The IPPC has the aim of establishing three levels of standards: reference standards, concept standards and specific standards. The Interim Commission on Phytosanitary Measures, the new governing body for the IPPC, identifies the topics and priorities for standard-setting and agrees on their adoption. The IPPC Secretariat coordinates their elaboration. International standards for phytosanitary measures (ISPMs) that have been adopted under the IPPC include: Principles of plant quarantine as related to international trade, Guidelines for pest risk analysis, Glossary of Phytosanitary Terms, and Requirements for the establishment of pest free areas. A number of other standards have been adopted or are under development.

ISPMs address important phytosanitary concepts, elements of phytosanitary systems, and specific phytosanitary measures. They provide valuable guidance for the development of appropriate harmonized systems and also for evaluating the systems and measures of others. Relatively recent standards, such as Guidelines for surveillance and Export certification systems, provide increasingly greater detail related to the design and implementation of phytosanitary systems. Standards with even greater specificity deal with particular commodities, procedures or pests, such as, for example, ISPMs under development for phytosanitary certificates, surveillance for citrus canker, and wood packing material.

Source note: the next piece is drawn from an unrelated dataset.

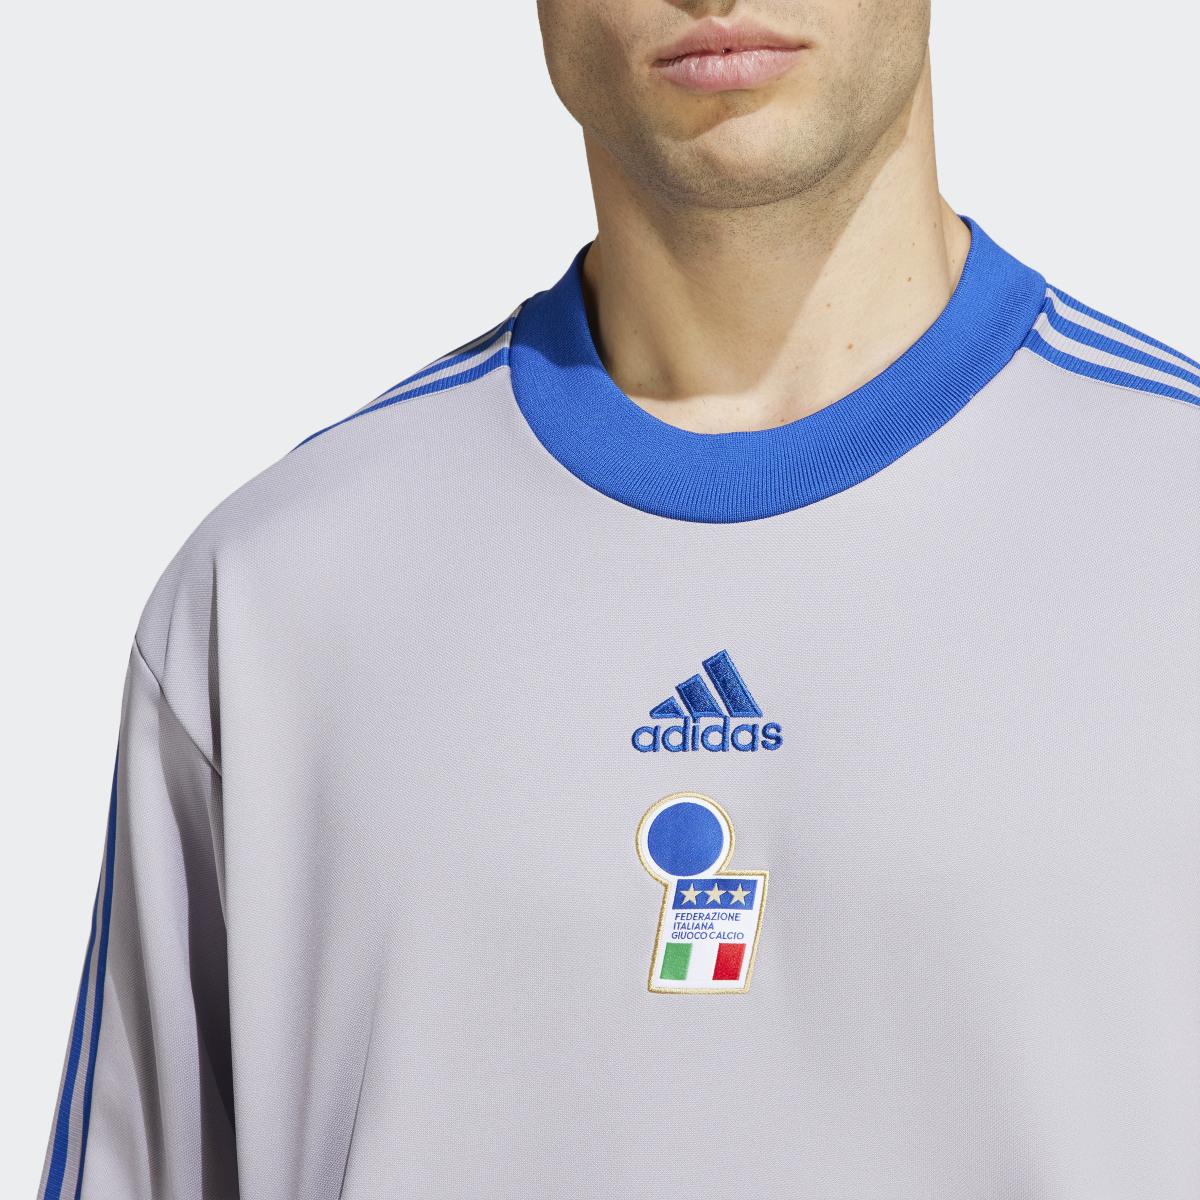 Adidas Italien Icon Torwarttrikot. 8

The standards serve not only as models for developing measures, but also as reference points for evaluating or challenging measures. They offer conceptual, technical, and policy guidance. By using standards for designing and implementing phytosanitary systems, countries reduce the level of analytical resources needed, can expect to withstand the scrutiny of trading partners and meet their obligations under the IPPC and the SPS Agreement.

As additional standards are added and more and greater detail is agreed upon, the standards will become increasingly more valuable. However, the Convention and its ISPMs already provide significant guidance to national plant protection organizations, particularly, but not exclusively, where pest management systems and regulatory decision-making affect trade.

References

WTO. 1994. Agreement on the Application of Sanitary and Phytosanitary Measures, World Trade Organization, Geneva.

IPPC. 1992. International Plant Protection Convention, FAO, Rome.

IPPC. 1997. New Revised Text of the International Plant Protection Convention, FAO, Rome.